Lipid abnormalities are also more prevalent in PCOS patients. There can be a significant increase in total cholesterol, LDL cholesterol, and triglycerides, and a decrease in HDL cholesterol compared to weight-matched controls [ 42 ] . The dyslipidemia, impaired glucose intolerance, central obesity, hyperandrogenism, and hypertension seen in PCOS patients greatly increase the risk for cardiovascular disease.

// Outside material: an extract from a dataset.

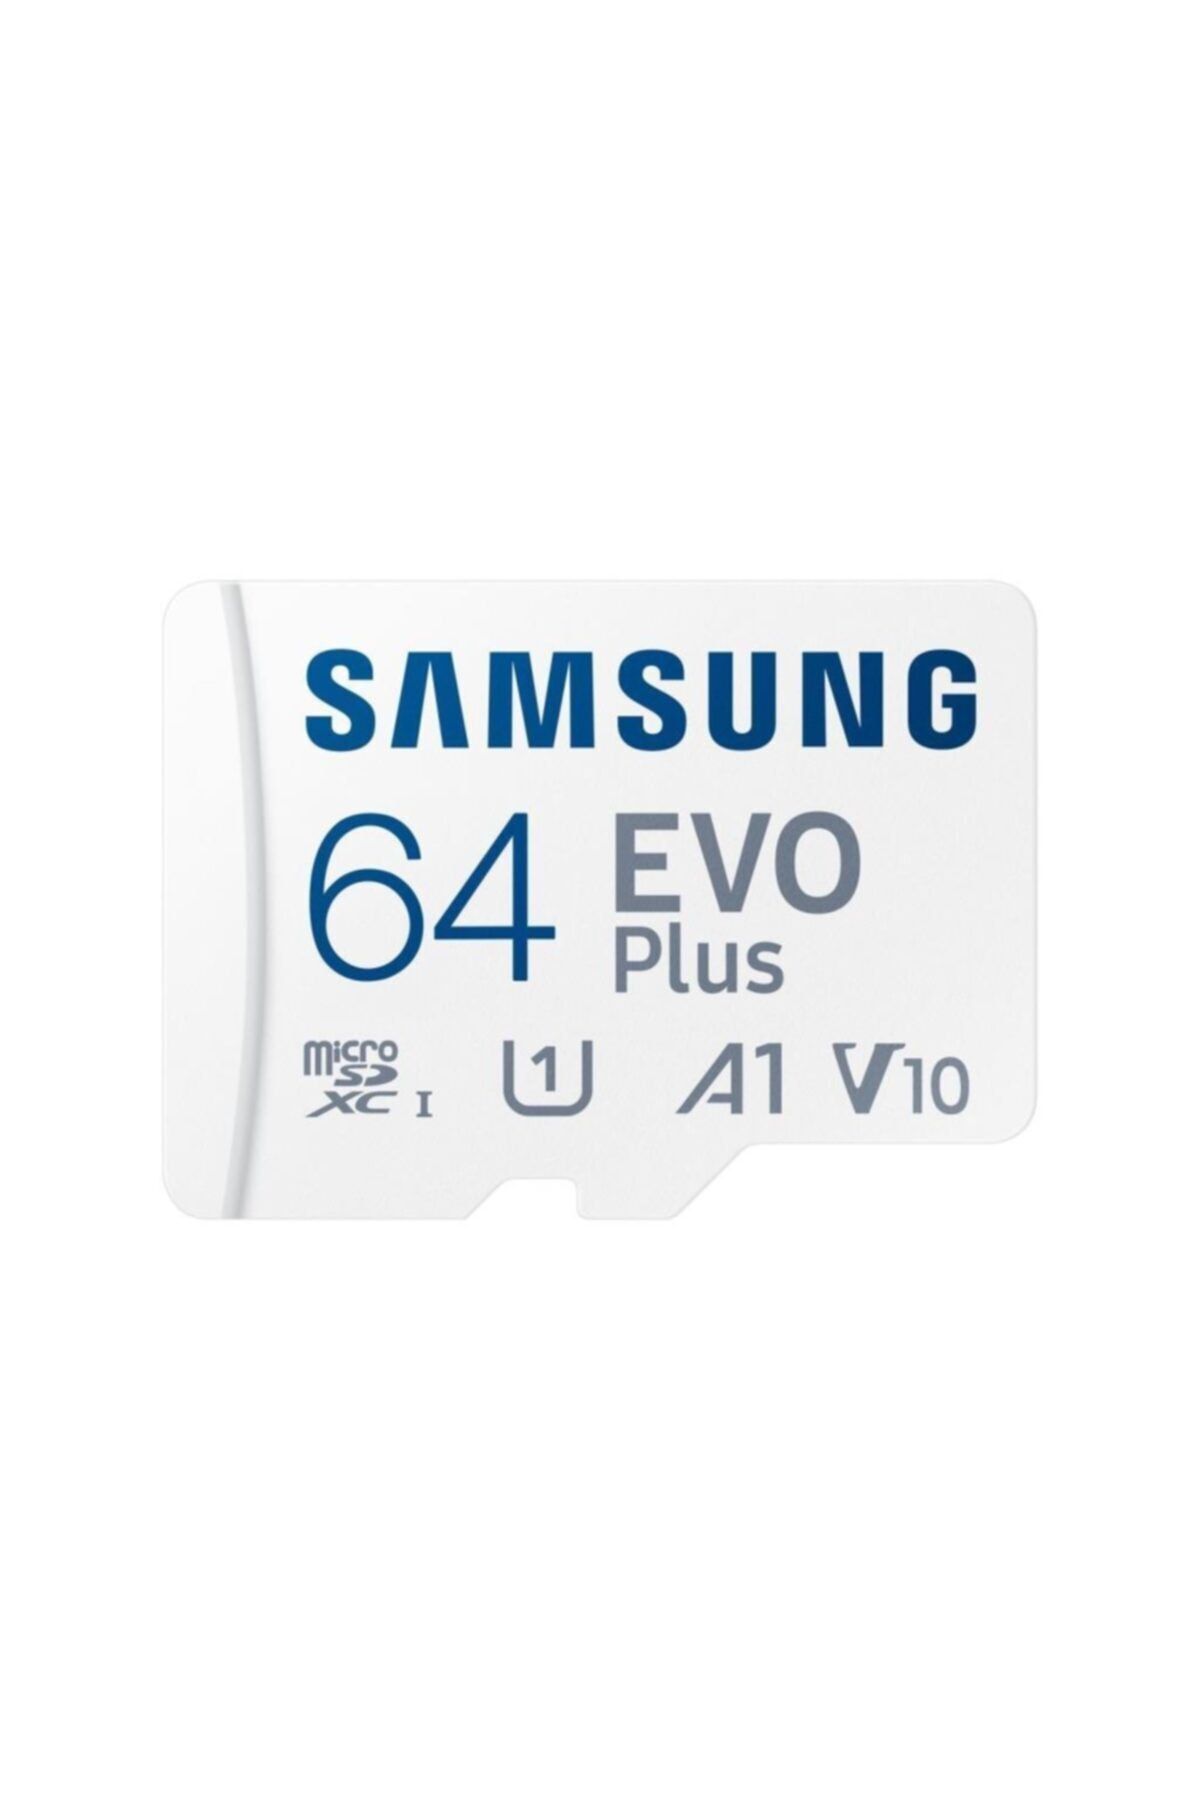 Samsung Evo Plus Microsd Hafıza Kartı 64 GB-MC64KA/TR - 130 MB/SN

Based on this risk profile, women with PCOS have a sevenfold increased risk of myocardial infarction [ 43 ] .

Laboratory Evaluation

In addition to confirming elevations of androgens, the laboratory evaluation of PCOS should have the objective of excluding other causes of hyperandrogenic anovulation. Androgen-producing tumors of the ovary and adrenals must be excluded. The adrenal glands contribute 98 % of circulating DHEAS, while both the ovaries and adrenals contribute equal amounts of circulating testosterone and androstenedione. If total testosterone is greater than 200 ng/dL or DHEAS is greater than 7,000 ng/dL, MRI is warranted to identify the hormone-secreting lesion. Measuring 17 a (alpha)-hydroxyprogesterone will screen for 21-hydroxylase deficiency, the most common enzyme deficiency in nonclassical CAH. A 17-hydroxyprogesterone level of greater than 3 ng/mL is defined as elevated and should be followed by an ACTH stimulation test, using 250 mg of synthetic ACTH given intravenously following an overnight fast. A 1-h increase of 17 a (alpha)-hydroxyprogesterone of more than 10 ng/mL is indicative of an enzyme defect in 21-hydroxylase.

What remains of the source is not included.